Aku bagaikan anak ayam yang mengikuti induknya, ke mana pun orang-orang itu berlari aku akan mengikuti. Pokoknya aku harus berada di sekumpulan orang jika ingin pulang dengan selamat.
Beberapa pihak polisi sudah mencoba membubarkan masa dengan menyemprotkan sesuatu yang tidak ku ketahui namanya.

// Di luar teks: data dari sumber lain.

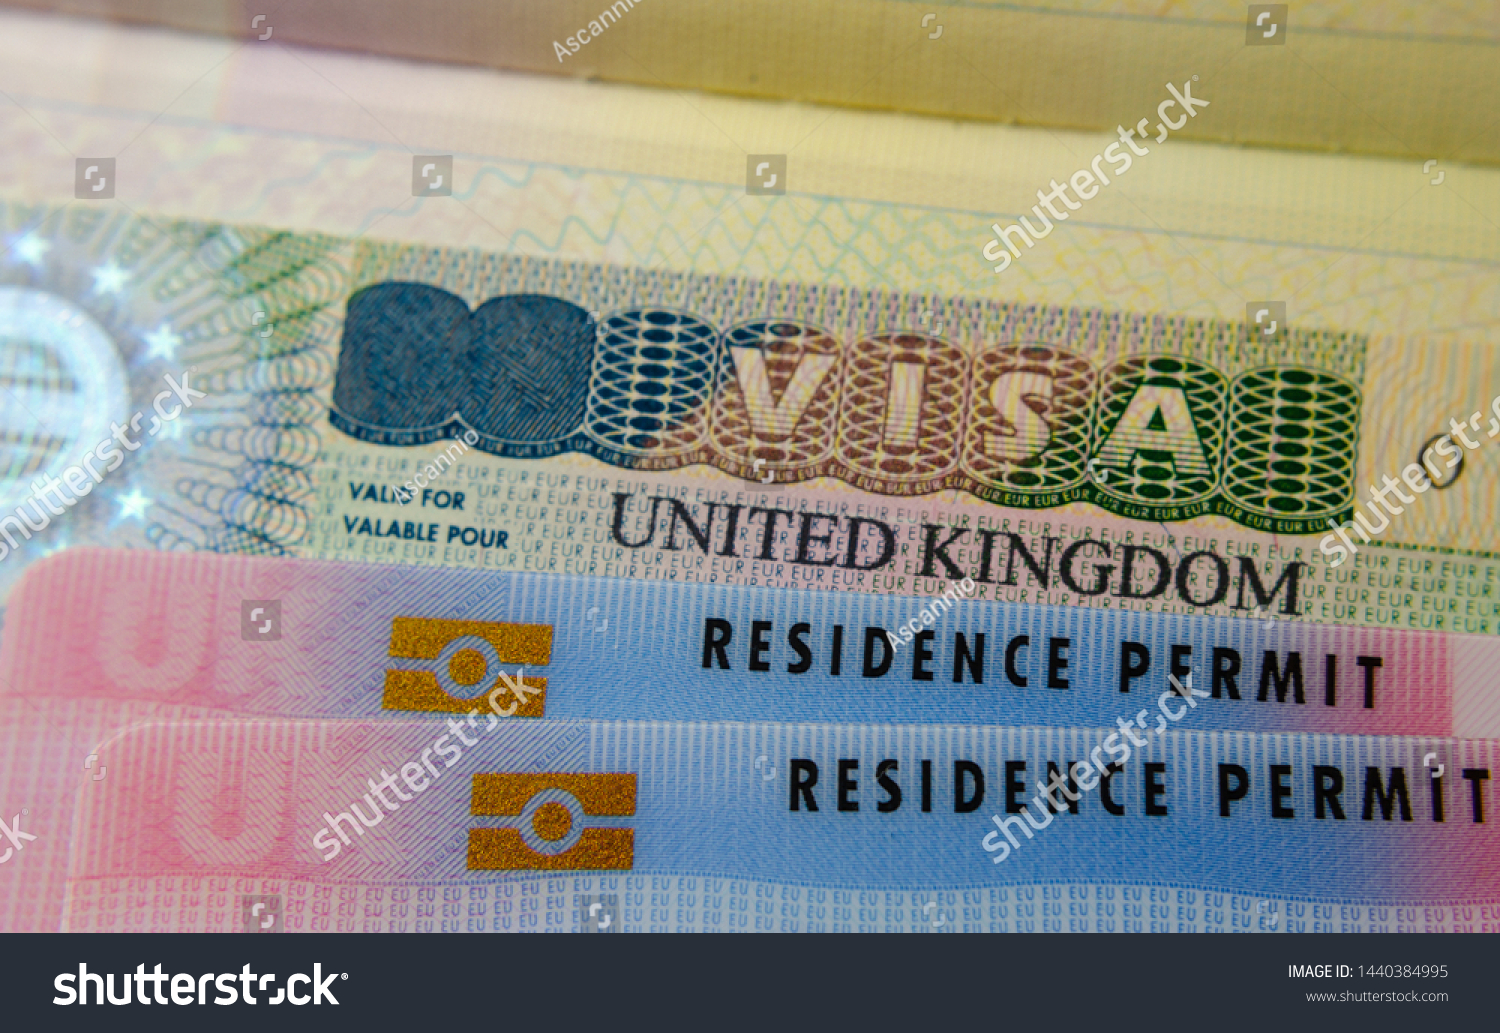 United Kingdom BRP (Biometrical Residence Permit) cards for Tier 2 work visa placed on top of UK VISA sticker in the passport. Close up photo.  #1440384995

Tapi mampu membuat mata siapa pun perih, sepertiku saat ini.
Mata yang terasa perih serta banyaknya kepulan asap membuat penglihatanku tidak begitu baik. Aku bahkan sampai tertinggal sekumpulan orang itu karena terlalu serius mengusap mata.
Setelah dirasa lebih baik, aku menatap sekeliling dan terkejut begitu menyadari aku sedang berdiri di antara kepolisian dan sekelompok mahasiswa yang mengajukan protes. Astaga, bagaimana bisa.
"Sialan!"
Mataku melebar seketika begitu melihat seorang mahasiswa melempar bom molotov ke arah polisi. Lemparan yang tidak begitu kuat membuat bom itu malah jatuh tepat di depan kakiku.
Melihat asap yang keluar membuat lututku lemas seketika. Seluruh sendiku tak bisa di gerakan. Aku terlalu terpaku dengan bom itu. Apa yang akan terjadi jika bom itu meledai tepat di depanku? Apakah aku akan mati? Atau hidup dengan bekas luka bakar memenuhi tubuh? Jika diberi pilihan tentu saja aku memilih opsi pertama.
"Ayah, ibu, semoga kita bertemu di alam sa-" ucapanku terpotong begitu seseorang menarik tubuhku menjauh dari bom yang akan meledak itu.
"Kau gila! Bukannya berlari menjauh malah berdiri diam seperti itu! Kalau ingin bunuh diri jangan begitu, sini kuajarkan."
Aku yang masih terkejut dengan apa yang terjadi hanya bisa diam. Aku masih bingung apa yang sedang kualami ini. Semua terjadi begitu cepat. Andai saja dia tak menarikku menjauh mungkin saat ini tubuhku akan terkena percikan api.
"Aku ... aku selamat?" tanyaku dengan tatapan kosong.
"Ya," jawab seseorang itu, "sekarang lebih baik kau kuantar pulang. Kondisi di sini sudah semakin tak terkendali," lanjutnya.
Jika biasanya aku akan menolak diantar pulang oleh orang tak dikenal, tapi pengecualian hari ini. Aku terlalu takut pulang sendiri.
"Ayo, berdiri."
Setelah kuamati, sepertinya aku pernah bertemu dengan orang yang menyelamatkanku tadi, tapi aku bingung di mana. Salahkan saja ingatanku yang tak begitu tajam.
"Kita pernah bertemu?" Aku bertanya di sela-sela perjalanan pulang. Saat ini kami telah berada cukup jauh dari tempat kekacauan, ntah bagaimana caranya membawaku ke sini.
"Kau lupa?" Bukannya menjawab pertanyaanku dia malah balik bertanya, menyebalkan. Tidakkah dia tinggal menjawab ya atau tidak.
"Bukankah saat itu aku telah menyuruhmu mengingat namaku baik-baik?" lanjutnya.
Menelengkan kepala, aku menoleh ke samping dan mencoba mengenali wajahnya, tapi sampai menit ke satu tetap saja aku tak dapat mengingatnya. Di mana kami bertemu dan kapan. Aku benar-benar tak bisa merabanya.
"Kau benar-benar lupa?" tanyanya sekali lagi.
Aku mengangguk tidak yakin. Aku memang seperti mengenali wajahnya, tapi tidak yakin apakah kami memang benar-benar bertemu atau hanya pemikiranku saja. "Ya."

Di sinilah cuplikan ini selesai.